The carrier has established that the use of Swisshelm, the senior demoted mechanic, to fill the position of the vacationing employe, was proper and in accordance with the long continued practice in effect at the location in question, that even if the use of Swisshelm was improper there has been no violation of the agreement insofar as claimants are concerned, and that the claimants are not entitled to the compensation which they claim.


Therefore, the carrier respectfully submits that your Honorable Board should deny the claim of the organization in this matter.

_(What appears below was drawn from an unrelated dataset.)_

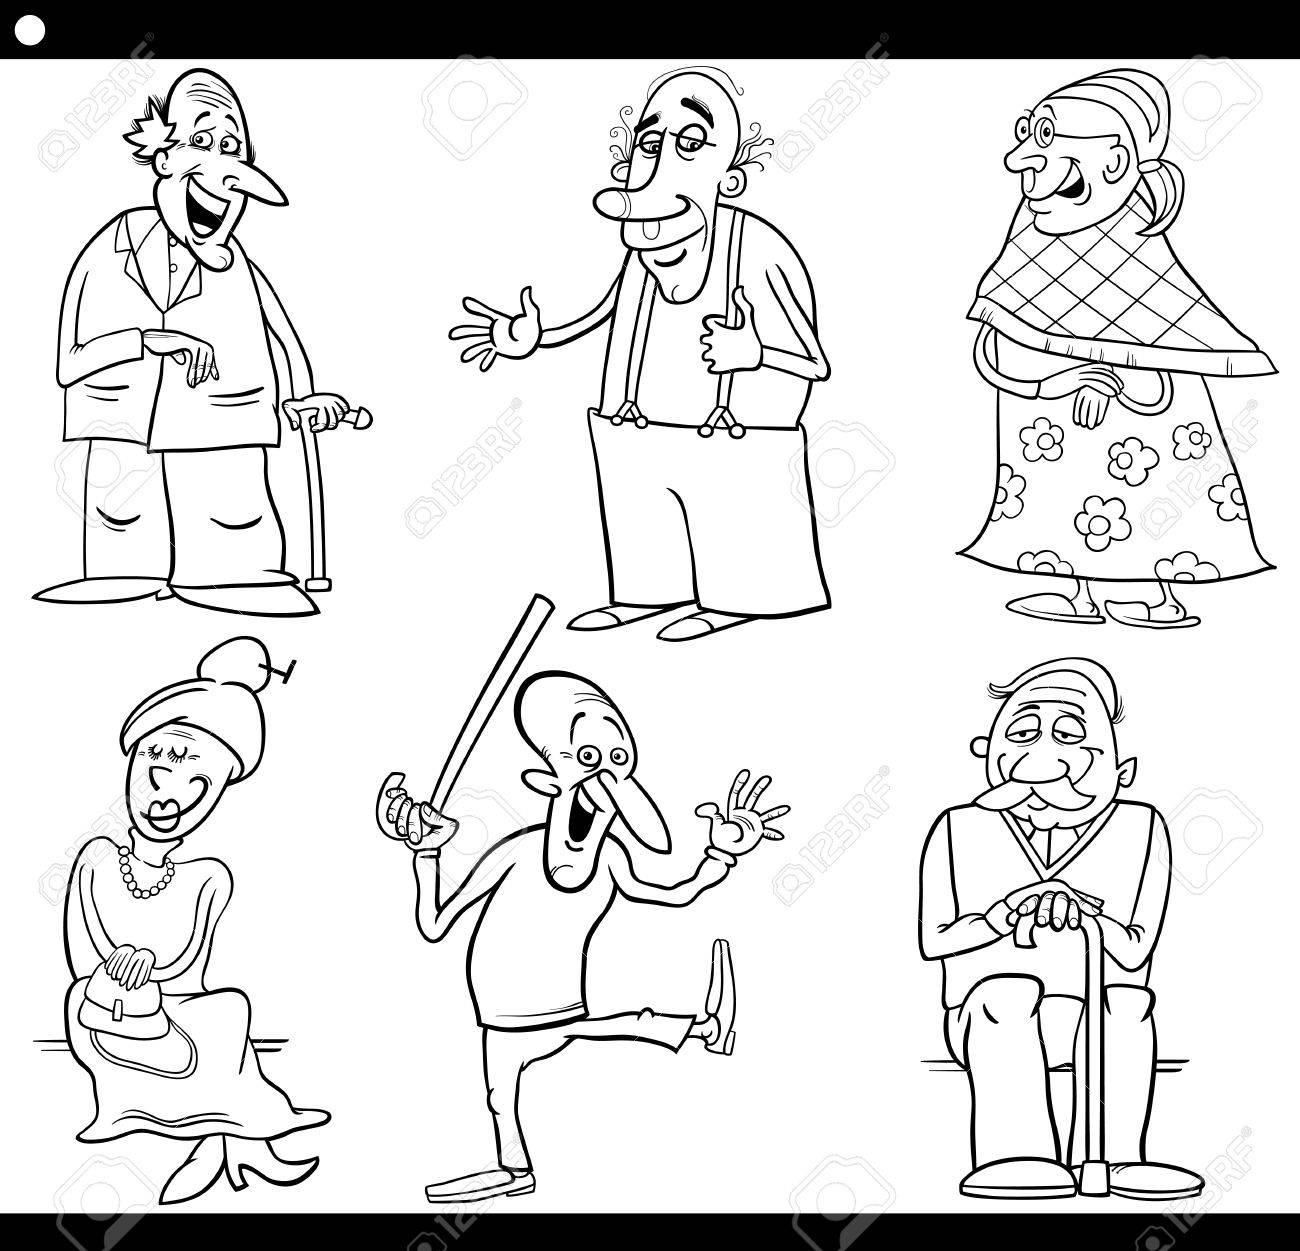 男性高齢者と女性高齢者塗り絵用の黒と白の漫画イラスト セットの

FINDINGS: The Second Division of the Adjustment Board, upon the whole record and all the evidence, finds that:


The carrier or carriers and the employe or employes involved in this dispute are respectively carrier and employe within the meaning of the Railway Labor Act as approved June 21, 1934.

1667-13 843

This Division of the Adjustment Board has jurisdiction over the dispute involved herein.


    The parties to said dispute were given due notice of hearing thereon.

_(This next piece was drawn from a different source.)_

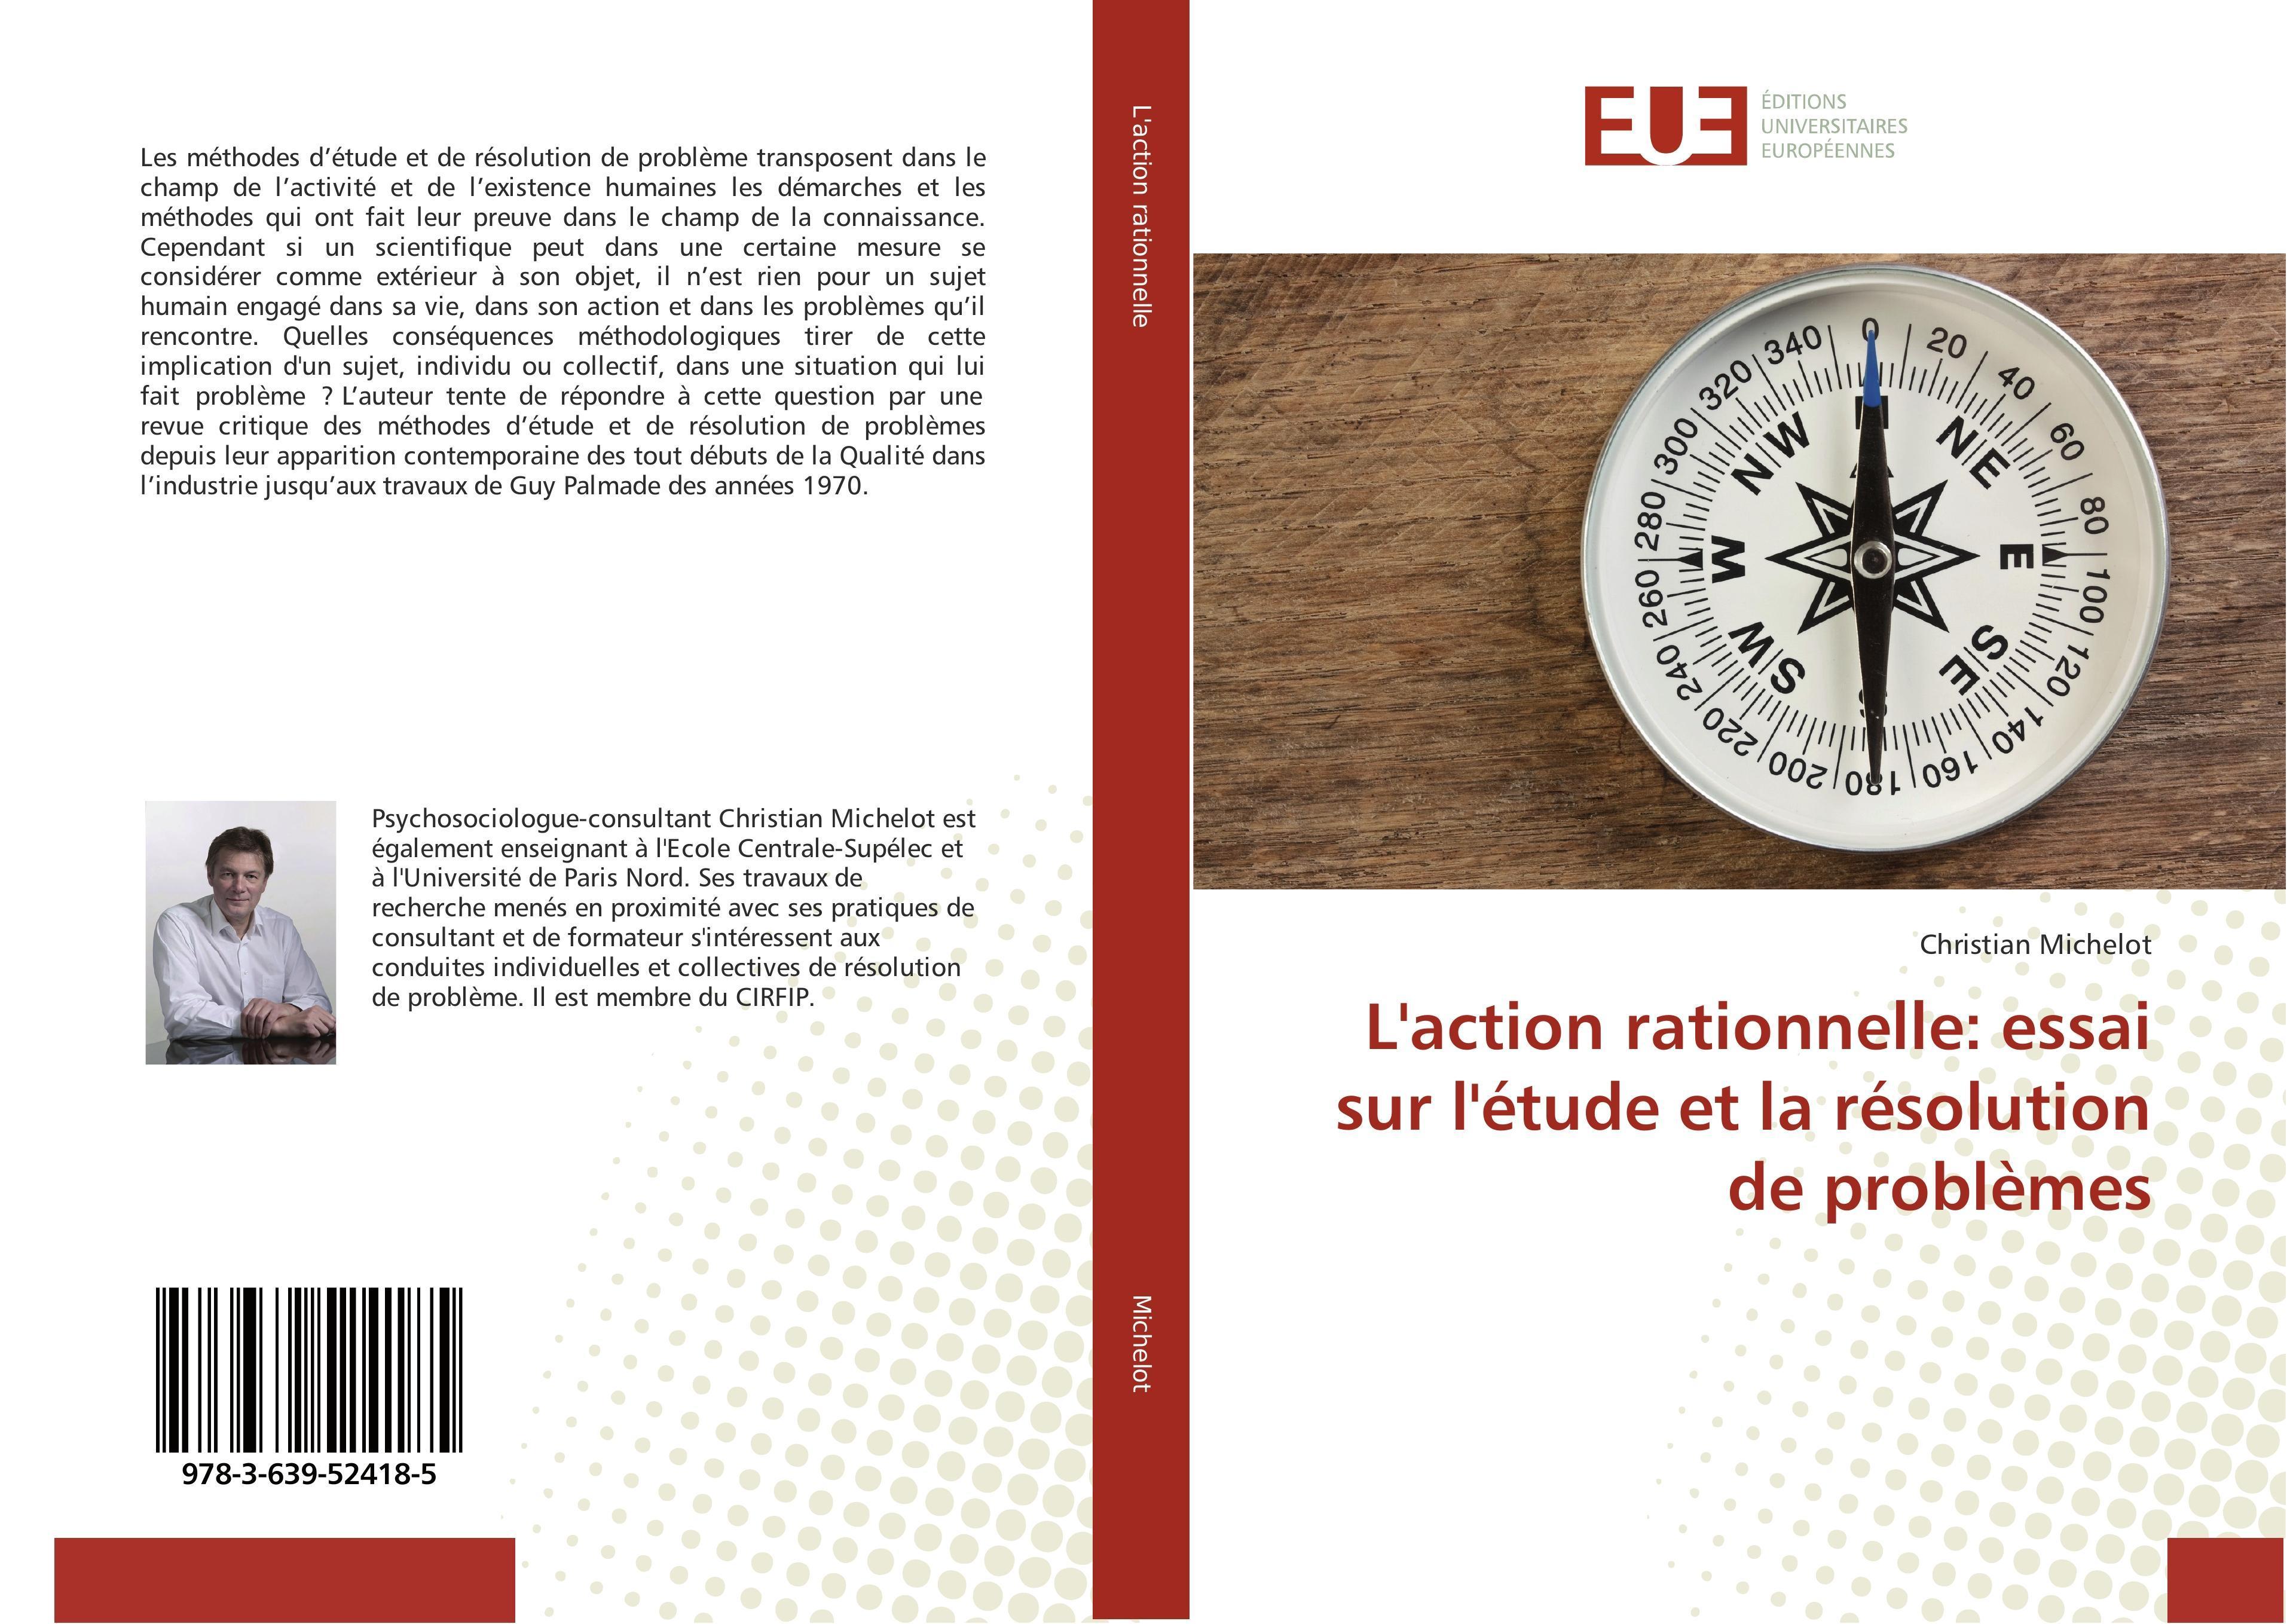 L'action rationnelle: essai sur l'étude et la résolution de  ... 9783639524185

The question before the Division is whether or not the carrier violated the agreement when it assigned E. H. Swishelm, who was working as an oiler (helper), to fill the position of a car inspector while he was on vacation.


At East Pittsburgh, Pennsylvania, Pittsburgh Division, Central Region, A. D. Ault, L. A. Homan and L. R. Henderson were regularly employed as car inspectors on the first trick. On account of a car inspector employed on the second trick taking his vacation, the carrier found it necessary to fill the vacation vacancy. The carrier elected to assign E. H. Swishelm, who was working at this location as an oiler (helper) on the first trick, to the second trick car inspector vacation vacancy.


The granting of employes' vacations, etc. is covered in Regulation 9-A-1. Filling vacation vacancies is covered by Paragraph (p) which reads:


    "Absences of employes from duty on vacation shall not constitute `vacancies' in their positions. When the position of a vacationing employe is to be filled and regular relief employe is not utilized, effort will be made to observe the principle of seniority in filling the position."


Regulation 2-A-1 subject to the provisions of Regulations 3-A-1, 3-B-1 and 3-B-3 permits of the assignment of employes from lower to higher-rated positions whether or not they hold seniority in the higher-rated class.


According to this record E. H. Swishelm was a demoted mechanic. Under the Regulations of the agreement he maintained his mechanic's seniority rights; at least there is no contention in the record by the employes that he did not hold mechanic's seniority rights at this location. Whether or not he is a demoted mechanic is not controlling in view of the provisions of Regulation 2-A-1.


We do not find that the carrier violated the Regulations of the controlling agreement.


                  AWARD


    Claim of the employes denied.


                NATIONAL RAILROAD ADJUSTMENT BOARD By Order of Second Division


ATTEST: Harry J. Sassaman
Executive Secretary

Dated at Chicago, Illinois, this 28th day of April, 1953.